Looking at the attributes of subject 09CO022 we can run the following query which should return 09CO022 alongside subjects with the same attributes.

In [19]:
qc1 = Q('ResearchSubject.associated_project = "CPTAC-2"')
qc2 = Q('ResearchSubject.Diagnosis.tumor_stage = "Stage IIB"')
qc3 = Q('ResearchSubject.primary_disease_site = "Colon"')

q2 = qc1.And(qc2).And(qc3)
r2 = q2.run(limit=100) 
r2.sql
print(r2)


Query: SELECT * FROM gdc-bq-sample.cda_mvp.v3, UNNEST(ResearchSubject) AS _ResearchSubject, UNNEST(_ResearchSubject.Diagnosis) AS _Diagnosis WHERE (((_ResearchSubject.associated_project = 'CPTAC-2') AND (_Diagnosis.tumor_stage = 'Stage IIB')) AND (_ResearchSubject.primary_disease_site = 'Colon'))
Offset: 0
Limit: 100
Count: 8
More pages: No



This shows that we appear to have eight matches. The following explores what they are.

In [20]:
rn = 1
for resItem in r2:
    j = json.dumps(resItem, indent=3)
    print('Subject {}'.format(resItem['identifier']))
    for rs in resItem['ResearchSubject']:
        subj_name = rs['Specimen'][0]['derived_from_subject']
        print('nested subject: {}'.format(subj_name))
        id = rs['identifier'][0]
        print ('\t system:{} id:{}'.format(id['system'],id['value']))     
    fpath = 'query_results/subj_'+str(rn)+'.json'
    print(fpath)
    with open(fpath, 'w') as f:
        f.write(j)
    rn +=1
    print('_'*80)

Subject [{'system': 'GDC', 'value': '44ecd34b-aa2b-4ce1-ab23-c64aee162f69'}]
nested subject: 15CO002
	 system:GDC id:44ecd34b-aa2b-4ce1-ab23-c64aee162f69
nested subject: None
	 system:PDC id:d2b0df58-63d6-11e8-bcf1-0a2705229b82
query_results/subj_1.json
________________________________________________________________________________
Subject [{'system': 'PDC', 'value': 'd2b0df58-63d6-11e8-bcf1-0a2705229b82'}]
nested subject: 15CO002
	 system:GDC id:44ecd34b-aa2b-4ce1-ab23-c64aee162f69
nested subject: None
	 system:PDC id:d2b0df58-63d6-11e8-bcf1-0a2705229b82
query_results/subj_2.json
________________________________________________________________________________
Subject [{'system': 'GDC', 'value': 'c5421e34-e5c7-4ba5-aed9-146a5575fd8d'}]
nested subject: 09CO022
	 system:GDC id:c5421e34-e5c7-4ba5-aed9-146a5575fd8d
nested subject: None
	 system:PDC id:459e3b69-63d6-11e8-bcf1-0a2705229b82
query_results/subj_3.json
____________________________________________________________________________

In fact there are only four true subjects here. For each of those four, there are two subjects in the results. One with a GDC id and one with a PDC id. In each case, there are two subjects nested within the parent. One is a repetition of the parent, and the second is corresponding subject from the other system. Overall within the search the data is repeated three times.

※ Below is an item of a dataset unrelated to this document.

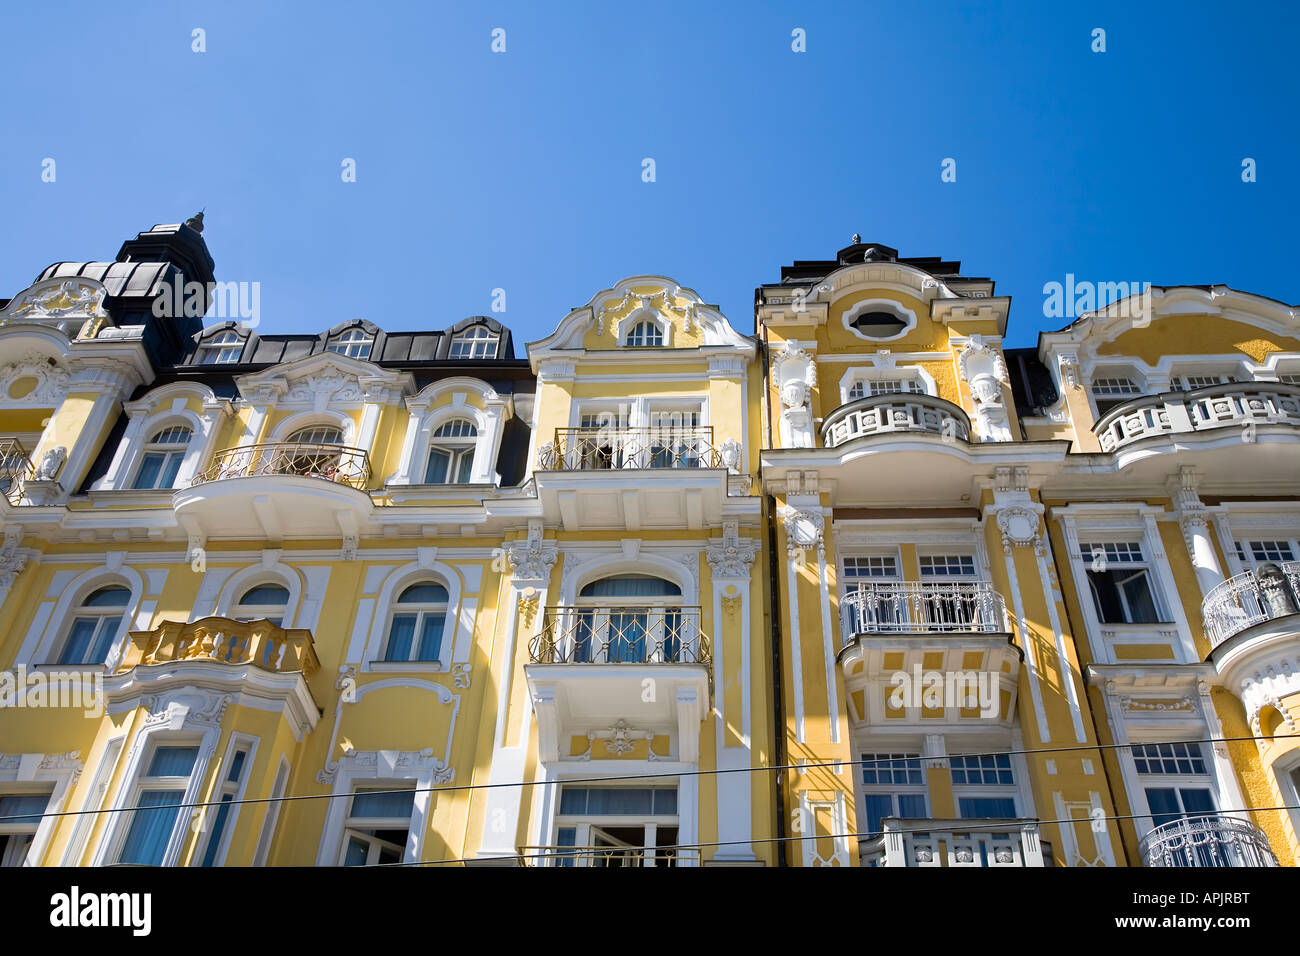 Architecture with balconies and distinctive white and yellow plasterwork Marianske Lazne Czech Republic Stock Photo

On reflection this is unsurprizing, it all follows as a natural consequence of what we saw above in the isolated query. The basic issues are those already listed. Beyond that, this example illustrates that the duplication and complication becomes a bigger issue when a realistic query on subject atttributes is performed.

### Issue 7
Same subject is returned three times when queried on subject attributes.